A Hayride Out of Ukraine

Polish passport photo, ca. 1926. The little girl with the big bow in her hair is the author’s mother-in-law who, at age 7, escaped from Ukraine hidden in a hay wagon. (Family Photos)

Pauline’s earliest memory of Ukraine was the clip-clop of horses hooves pulling a hay wagon that jostled to-and-fro as she lay hidden beneath a pile of straw. Warned not to move or utter a sound, the seven-year-old glimpsed moonlight through strands of straw.  Beside her lay her three-year-old brother, asleep from the motion and the late-night hour.      

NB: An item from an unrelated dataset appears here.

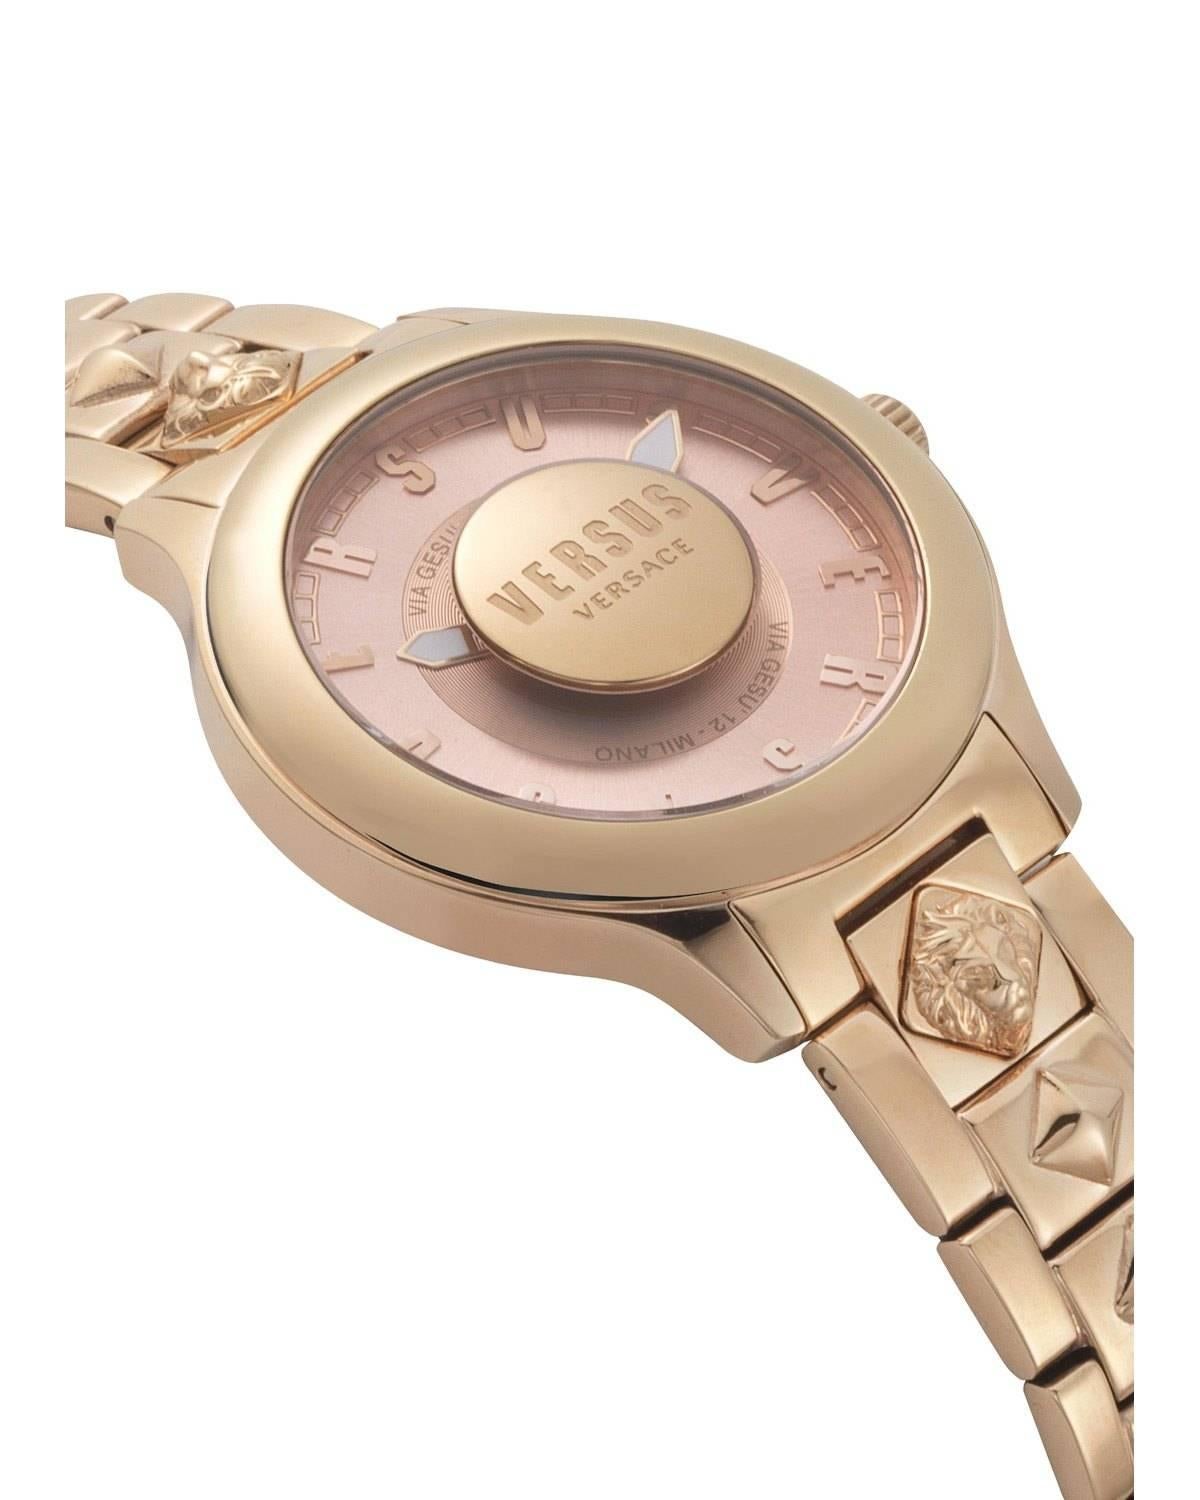 Versus by Versace rosegold stainless steel watch

Pauline’s family had fled after sundown from her birthplace south of Kyiv, the Ukraine capital, traveling west to escape the Russian Civil War. Despite their haste, Pauline’s mother had pleaded that the wagon detour to her parents’ home in Boguslav. The next thing Pauline remembered was a gentle jerk as her papa pulled the reins. The wagon halted. From her hiding place in the hay, Pauline overheard her mother and grandparents’ last tearful goodbyes.  Then the wagon was on the move, across the damp forest floor toward a remote border crossing 265 miles away. There, her papa had been assured that sleepy customs guards would accept a bribe of a few zlotys and wave the hay wagon into Poland—then, as now, a safe place for Ukrainian refugees.     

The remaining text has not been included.